Talent, data, culture, and legacy systems are common obstacles holding back finance from becoming data-driven

It does not come as a surprise that the top two initiatives for finance leaders in our finance and accounting (F&A) research study in Exhibit 1 revolve around talent and data. Hiring and retaining talent persists as the Achilles’ Heel of many organizations. Further, the lack of centralized data governance prevents finance leaders from achieving their digital transformation goals. Most of the finance leaders attending the HFS roundtable emphasized the need for identifying and resolving talent and data issues as central to becoming a data-driven finance function.

Exhibit 1: Lack of talent and decentralized data are the top challenges for finance

Sample: 2022 survey, 207 finance and accounting executives, data less than 1% not shown
Source: HFS Research, 2022

Our delegates offered a wealth of stories of their challenges and experience with tackling them during the sessions. The following themes resonated strongly within the discussion.

#1. Lack of skilled finance talent

Although finance is the custodian of organization-wide data, they lack the skills to transform the data into forward-looking business insights. Further, fueling the talent challenge is the scarcity of this highly skilled talent.

Potential solutions discussed at the roundtable:

  • Create cross-functional finance teams of data, tech, and AI.
  • Provide career mapping for talent retention.
  • Use LinkedIn Learning for the self-upskilling of employees.
  • Recruit talent from new-age schools and better cost geography.
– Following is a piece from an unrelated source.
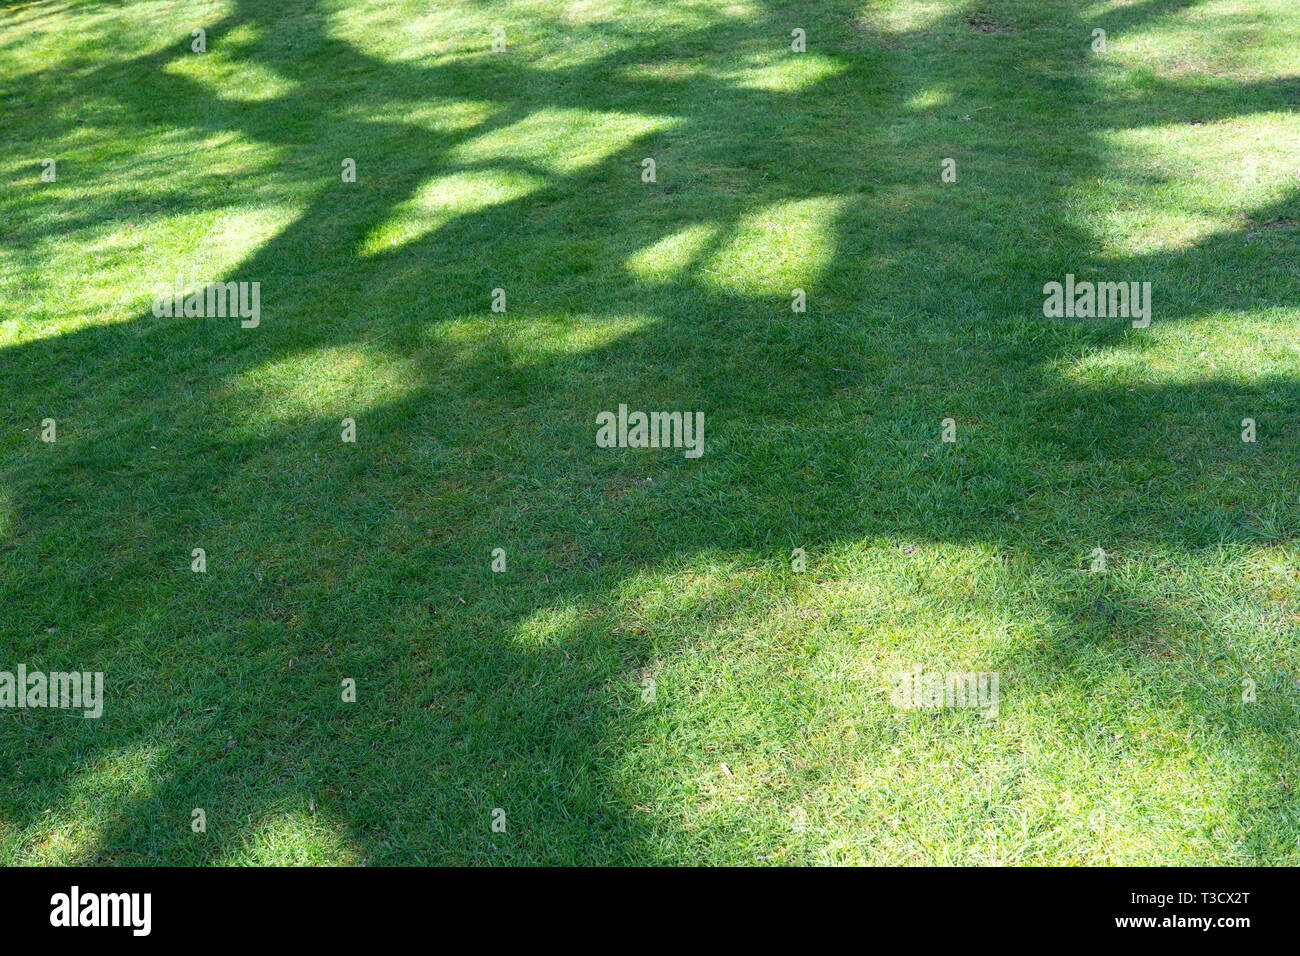 Résumé de l'ombre des arbres sur une pelouse au Royaume-Uni Banque D'Images

#2. Decentralization of data and data quality

Everything generates data; consequently, data has become the new corporate asset, and finance is the engine that generates the data. The key challenge is how to build the framework to mine this “gold” to generate insights.

Potential solutions discussed at the roundtable:

  • Implement quality control of underlying data.
  • Use data lakes as a single source.
  • Build proof points with smaller data sets.
  • Set up finance data hubs.

#3. Lack of support for change management

Finance’s resistance to moving from spreadsheets and a transactional mindset to agile methods of working has slowed the progress of the function going beyond cost and compliance enforcers.

Potential solutions discussed at the roundtable:

  • Champion inclusivity, training, and education.
  • Communicate and collaborate.
  • Share a purpose and vision.

#4. Spaghetti of legacy systems

Most organizations are buried under a history of acquisitions and legacy backbone systems that impede the adoption of modern operating models to become data driven.

Potential solutions discussed at the roundtable:

  • Cloudify data assets and systems.
  • Engage third-party service providers.
  • Leverage a broader partner ecosystem.
Best practices adopted by finance leaders to move the needle towards data-driven finance

The HFS study revealed that most finance organizations are still in the “early innings” of their journey toward becoming data-driven, and fewer than 1 in 4 consider themselves mature.

Exhibit 2: Only 25% of finance leaders claim they have achieved maturity in data-driven finance and are looking to more strategic uses of data

Sample: 2022 survey, 207 finance and accounting executives, data less than 1% not shown
Source: HFS Research, 2022

A quick poll of the organizations at the roundtable revealed a result similar to the study findings: only 18% considered themselves as having mature, data-driven finance functions. These were the recommendations from the roundtable attendees:

  • Your insights are only going to be as good as your data quality. Finance data quality and governance are critical to capturing value through analytics, digital, and other transformative opportunities. Advanced analytics and other data-enabling technologies are just a means to an end. These non-discriminating tools lead to value-driven answers only if your data quality is good and can inspire trust and confidence across the organization. Data to fuel an organization’s strategic initiatives must be more than readily available; it should also be of high quality and relevance.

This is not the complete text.